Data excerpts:
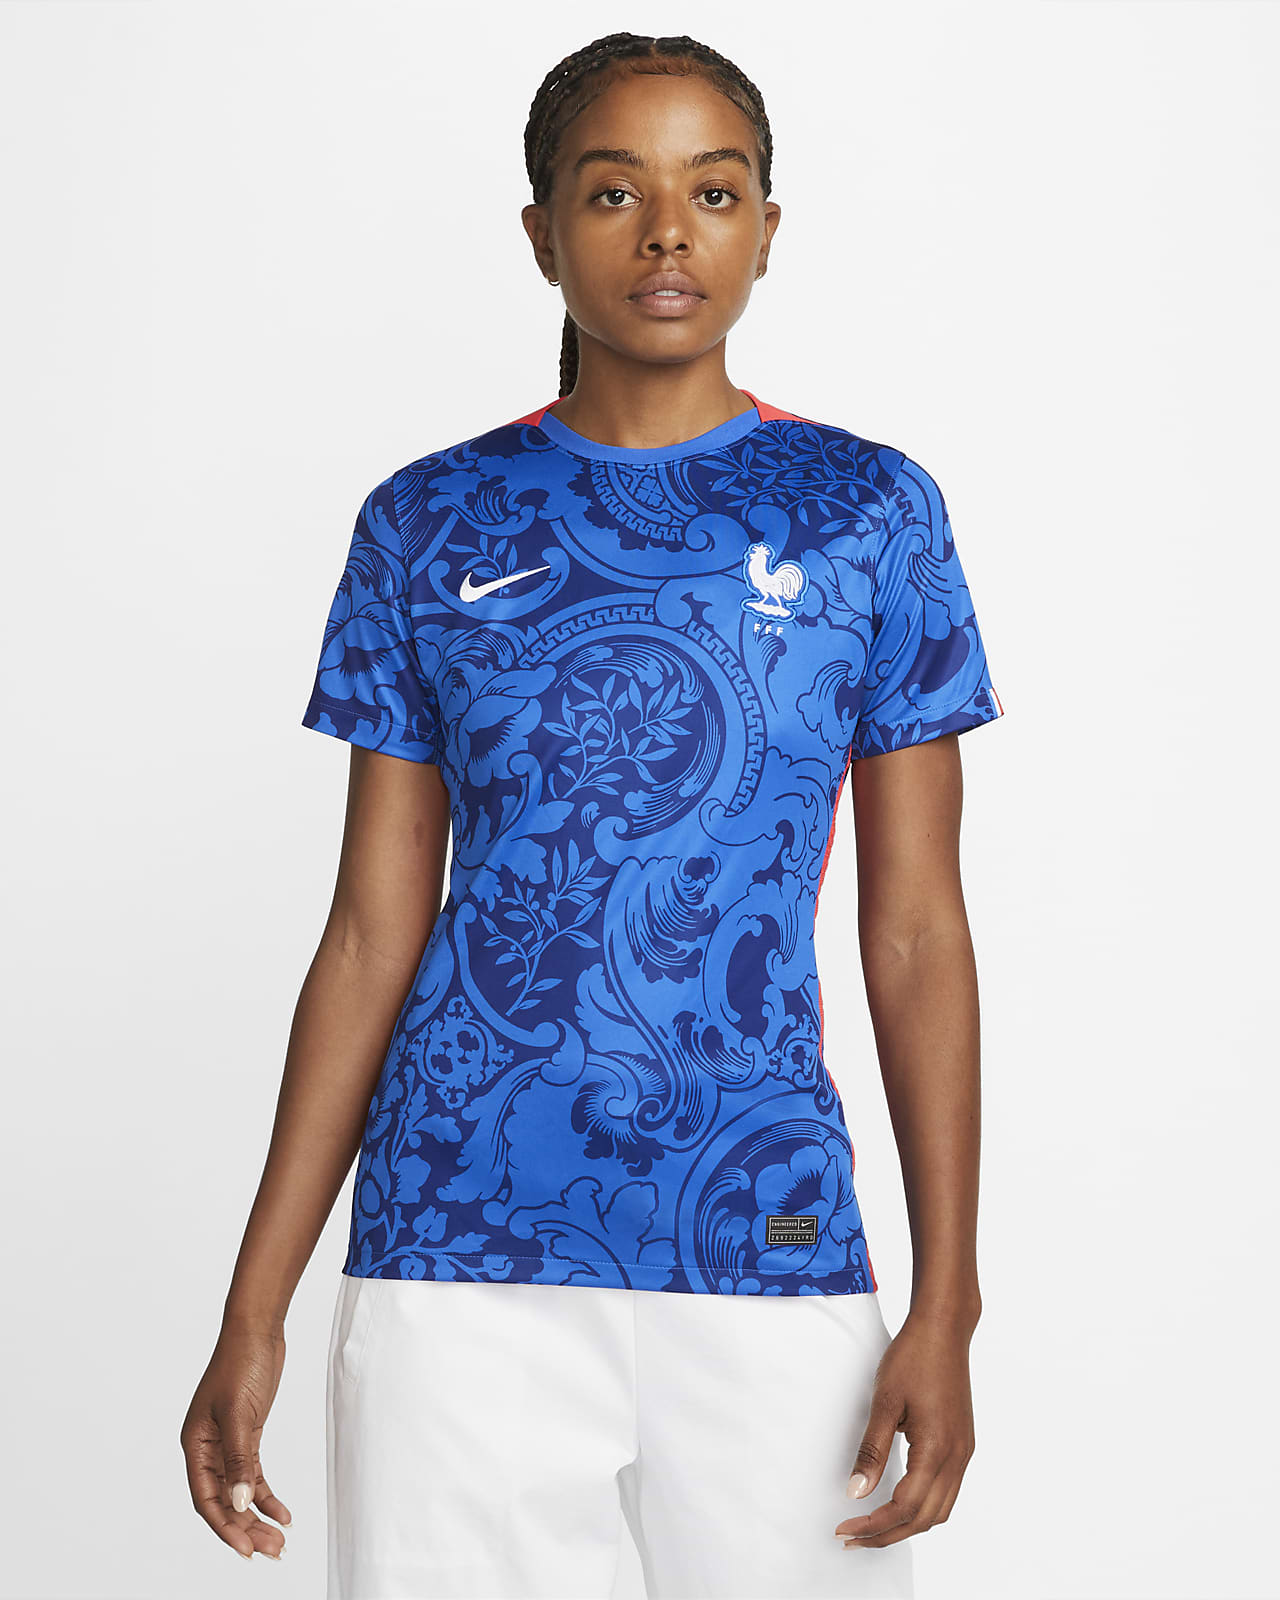 FFF 2022 Home Women's Nike Dri-FIT Football Shirt. Nike LU
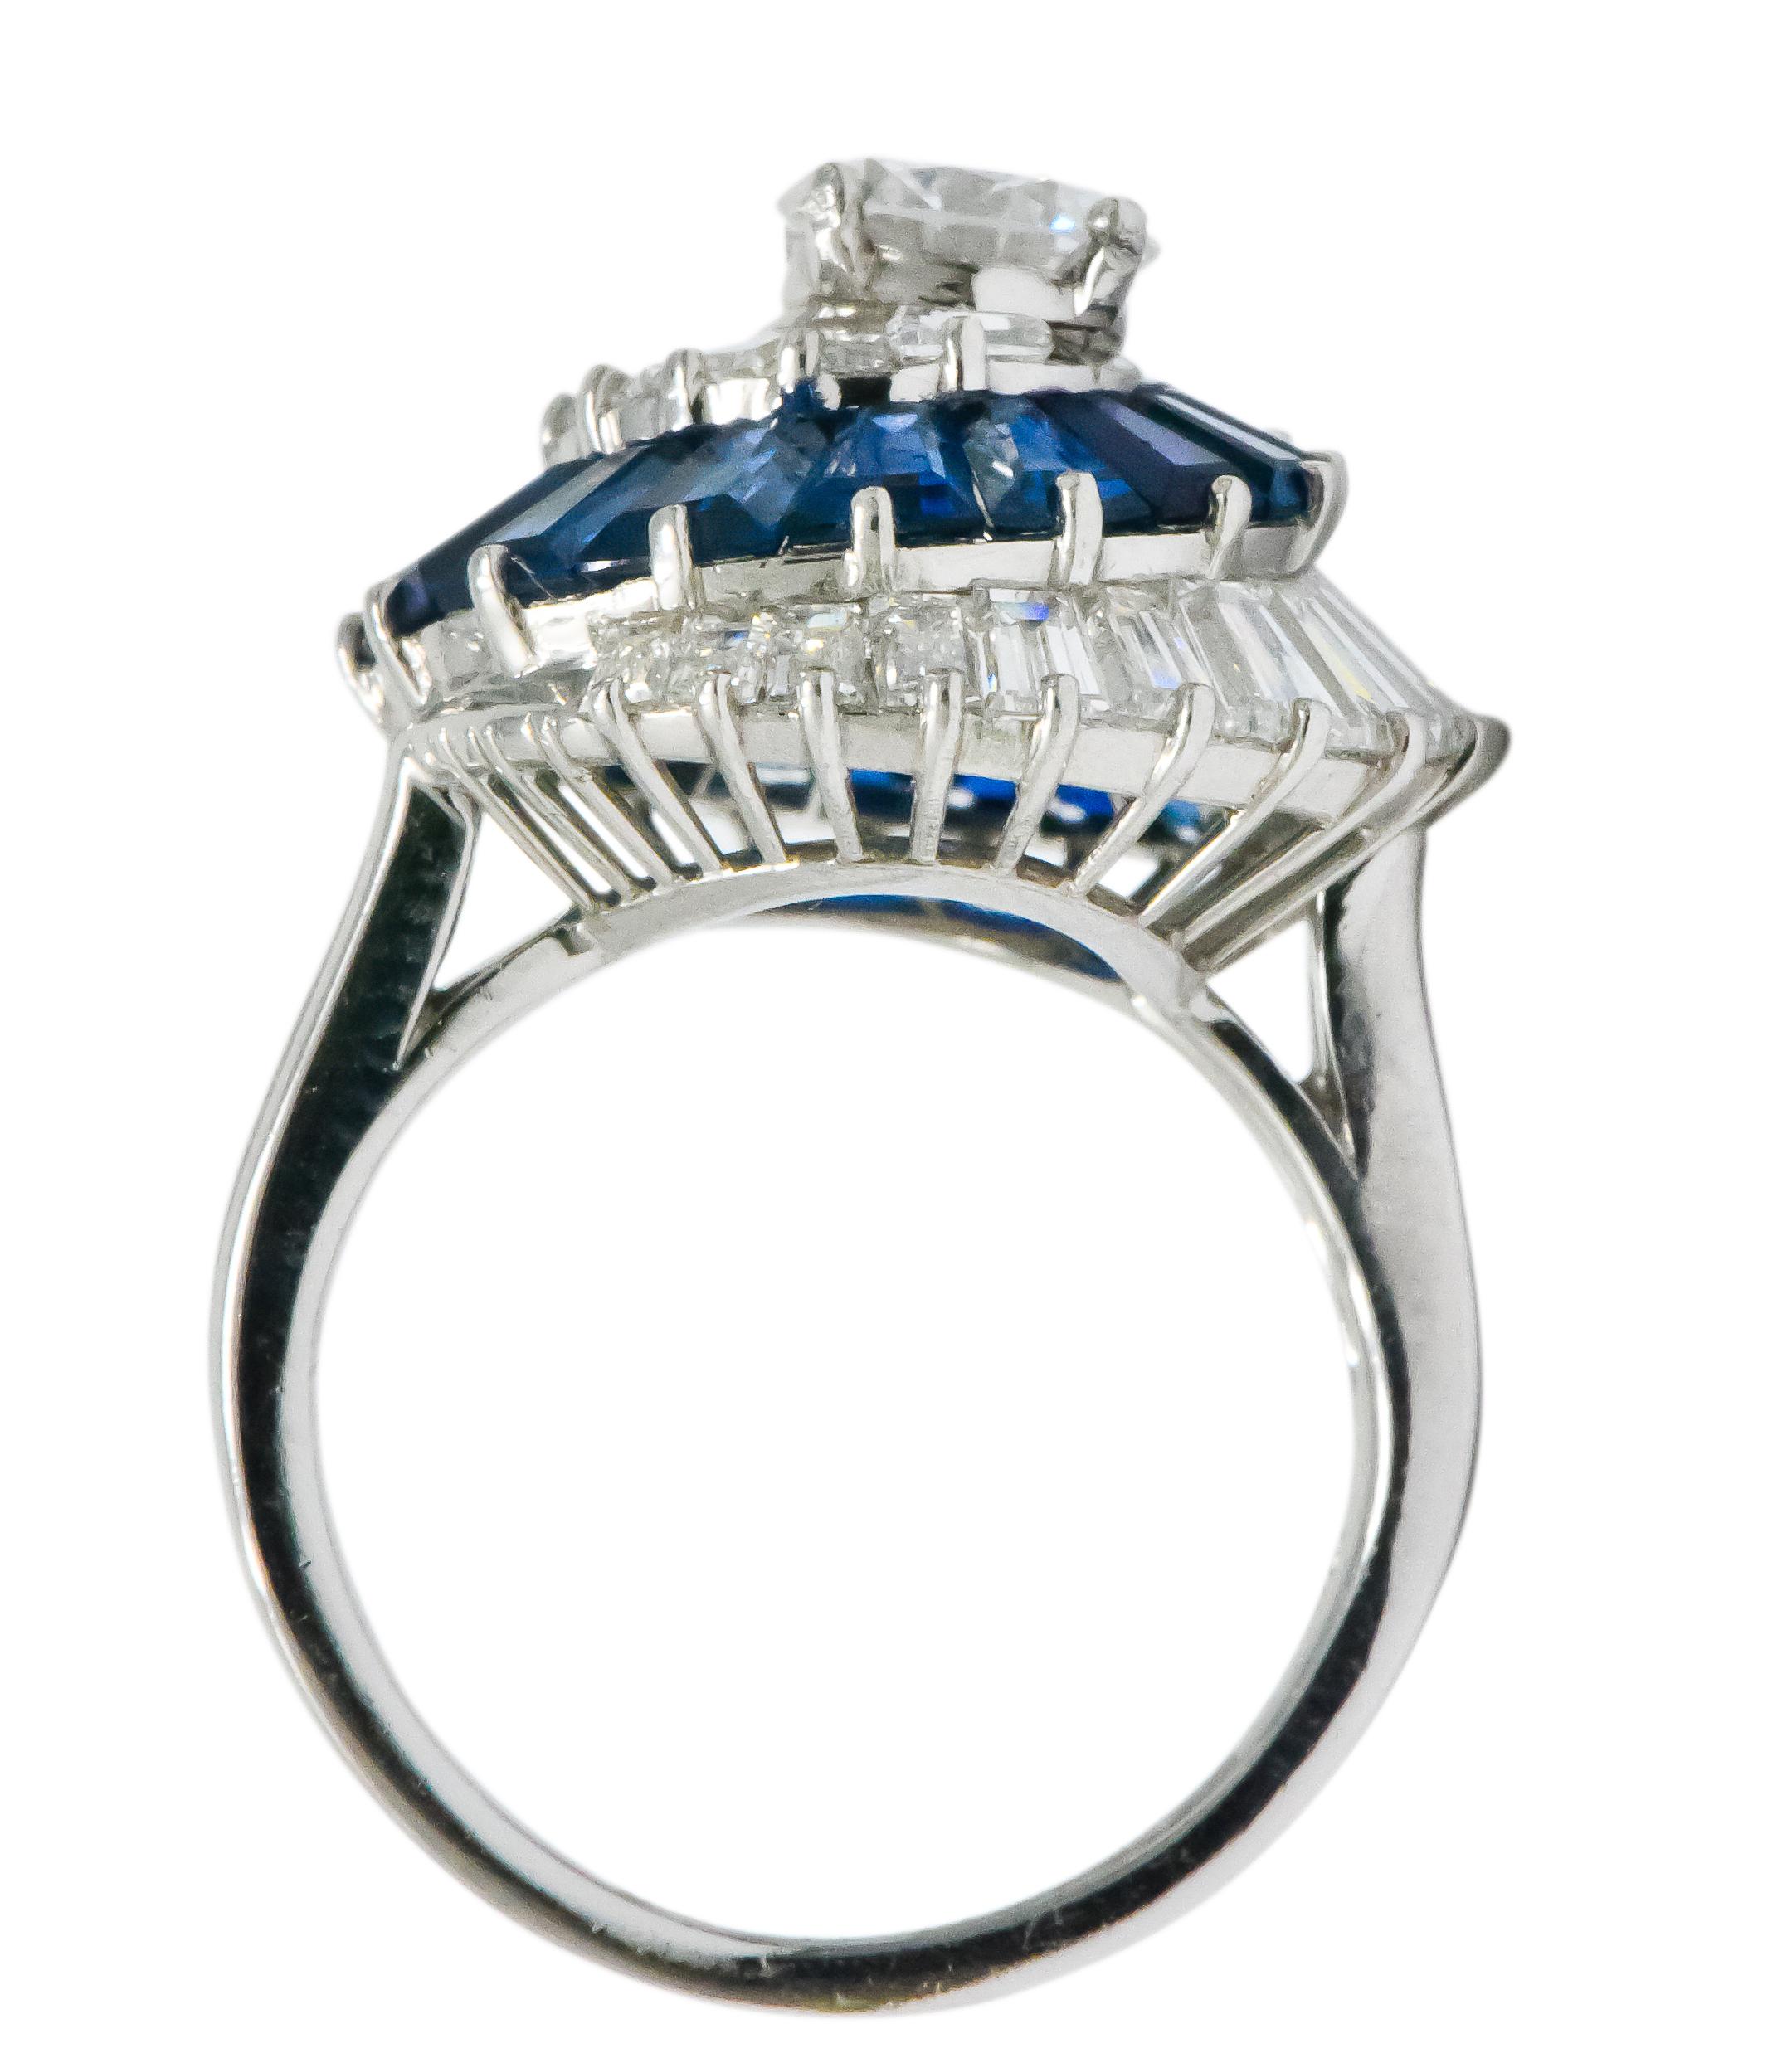 Oscar Heyman Diamond Sapphire Platinum Swirl Ring
Circa 1965
A round brilliant diamond center weighing .80 carat, D color, VS1 clarity centering a swirl of tapered baguette cut diamonds 
2.25 carat total weight of white diamonds, E-F color, VS

* _GOAL OF THE EXERCISE_:
Each line of the data that holds "diamonds" should be copied.

* _OUTPUT BELOW_:
A round brilliant diamond center weighing .80 carat, D color, VS1 clarity centering a swirl of tapered baguette cut diamonds 
2.25 carat total weight of white diamonds, E-F color, VS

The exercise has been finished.